#### DATA BELOW ####
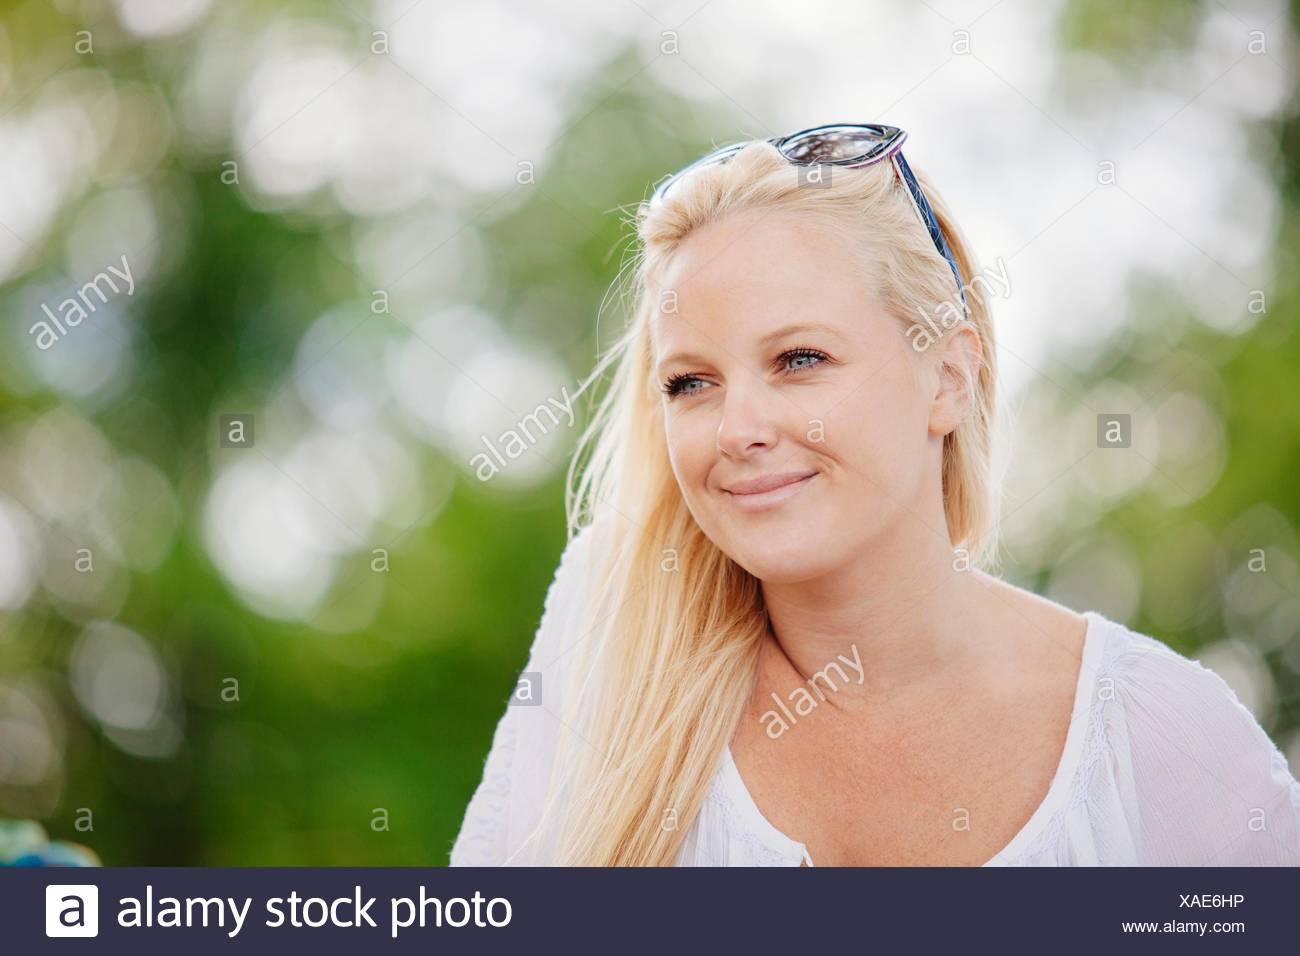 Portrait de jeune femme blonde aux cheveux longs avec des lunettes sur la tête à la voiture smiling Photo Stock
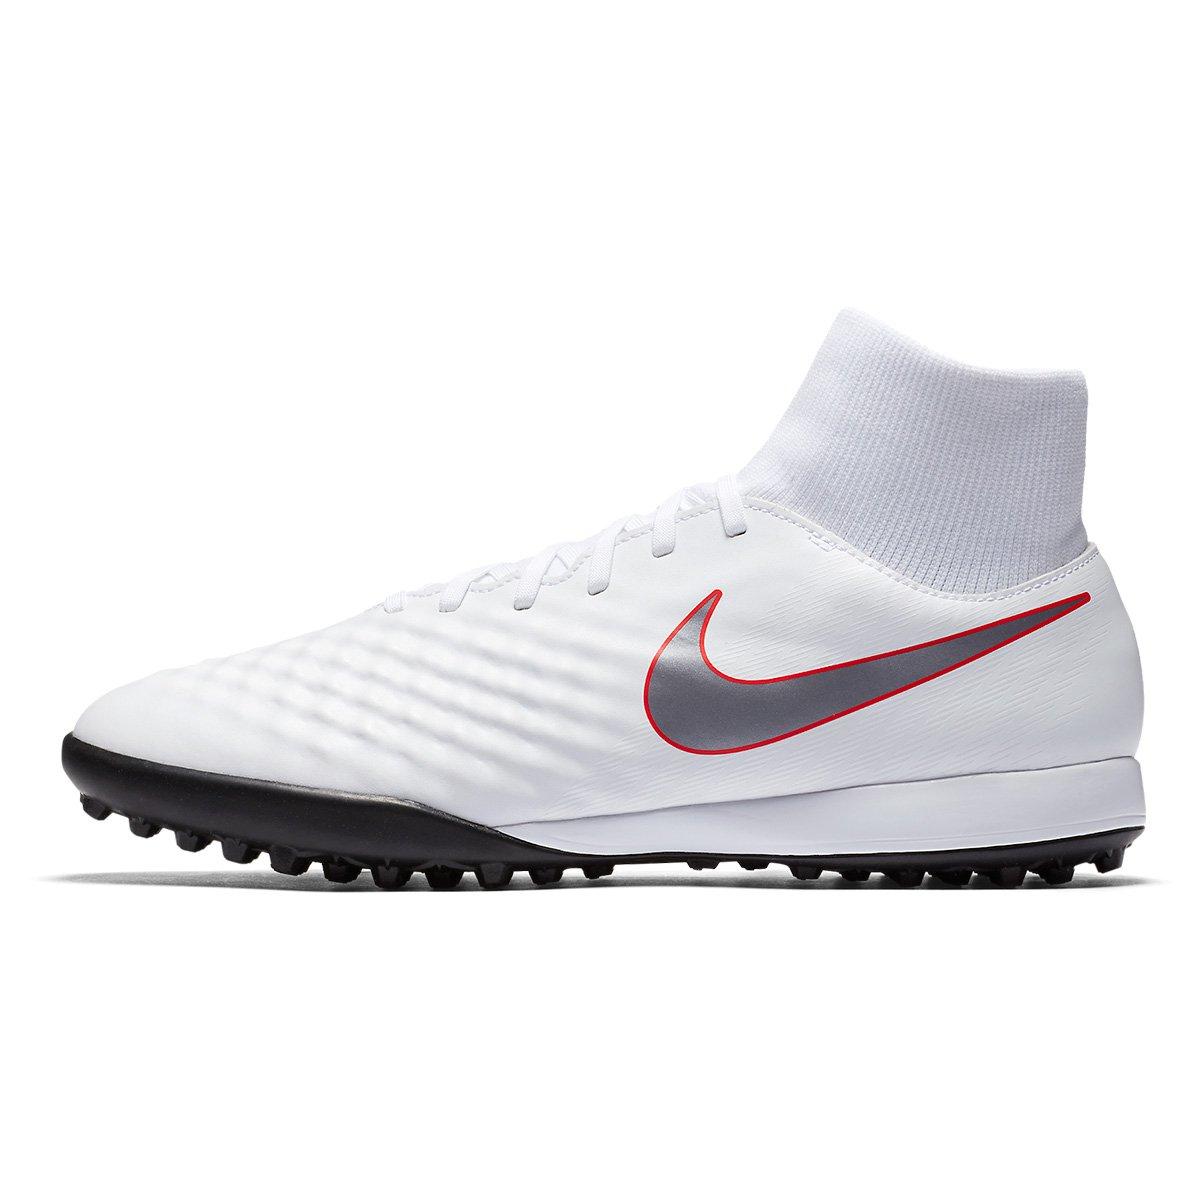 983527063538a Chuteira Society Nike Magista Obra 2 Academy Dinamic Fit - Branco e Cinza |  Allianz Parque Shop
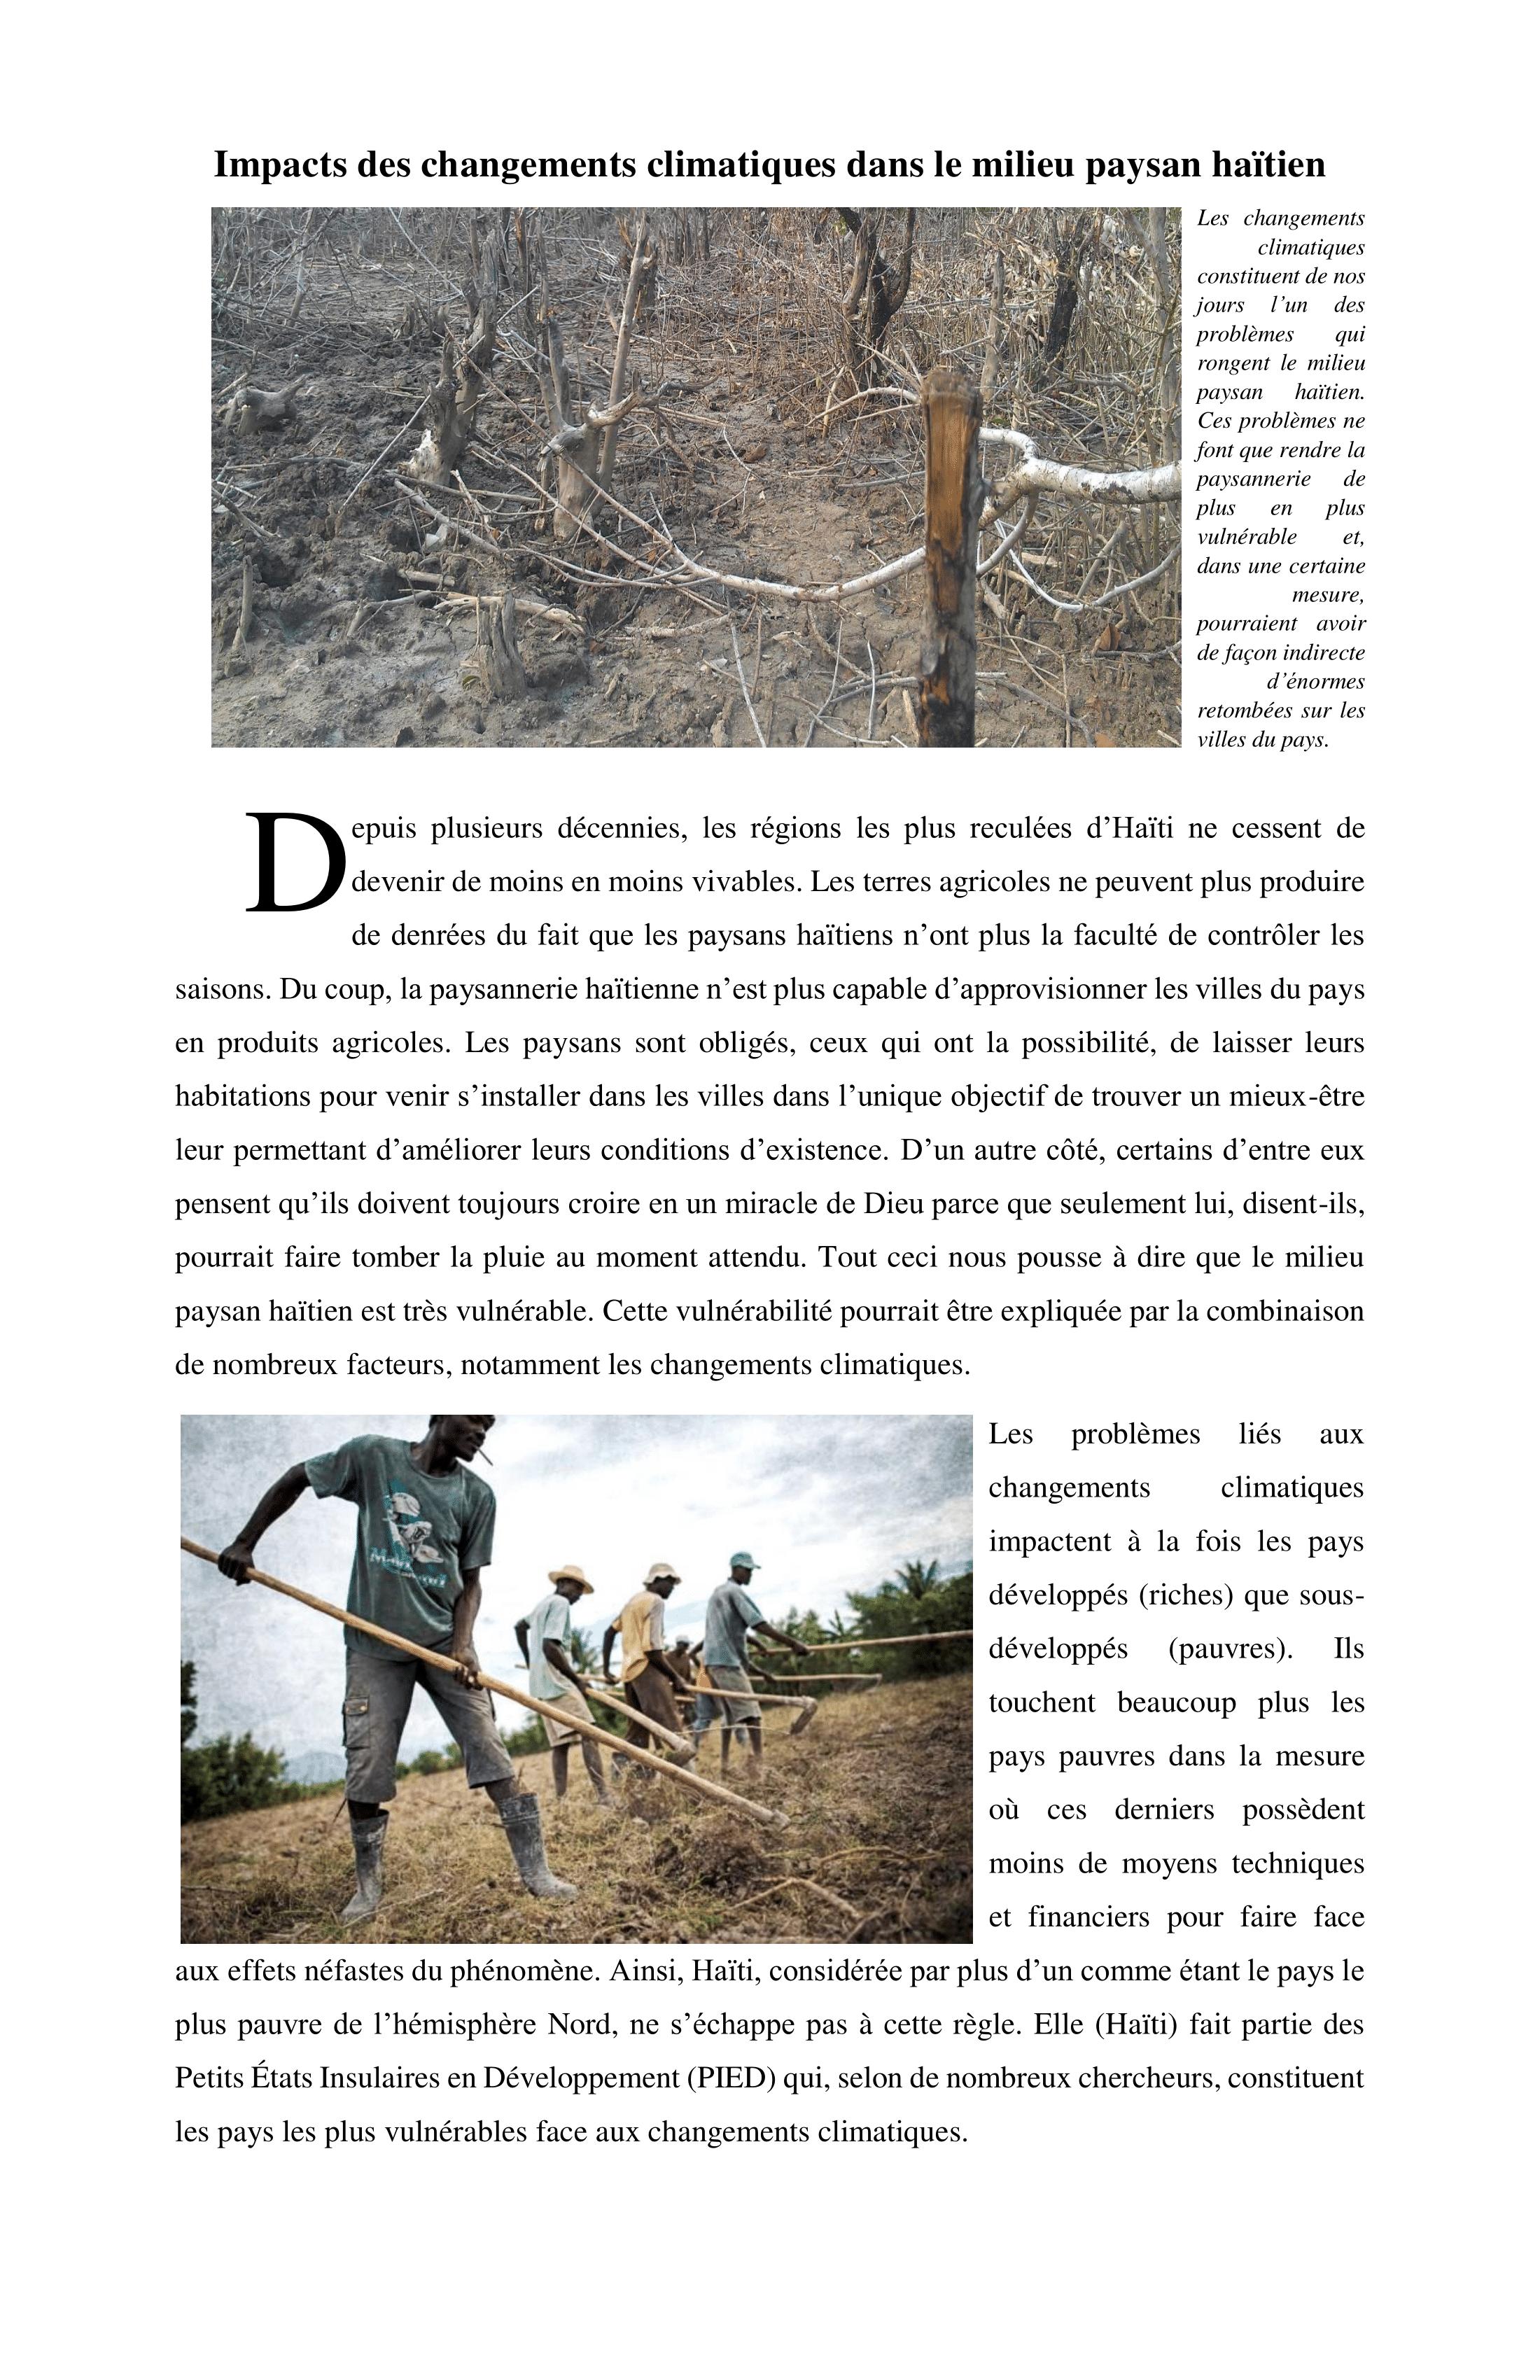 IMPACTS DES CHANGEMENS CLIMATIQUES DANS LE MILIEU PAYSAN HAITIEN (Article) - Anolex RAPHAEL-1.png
####
Please transcribe exactly the lines from the one containing "983527063538a Chuteira Society" through the final line of the data, including both, and nothing else. Pictures are to be left out.

 983527063538a Chuteira Society Nike Magista Obra 2 Academy Dinamic Fit - Branco e Cinza |  Allianz Parque Shop
 IMPACTS DES CHANGEMENS CLIMATIQUES DANS LE MILIEU PAYSAN HAITIEN (Article) - Anolex RAPHAEL-1.png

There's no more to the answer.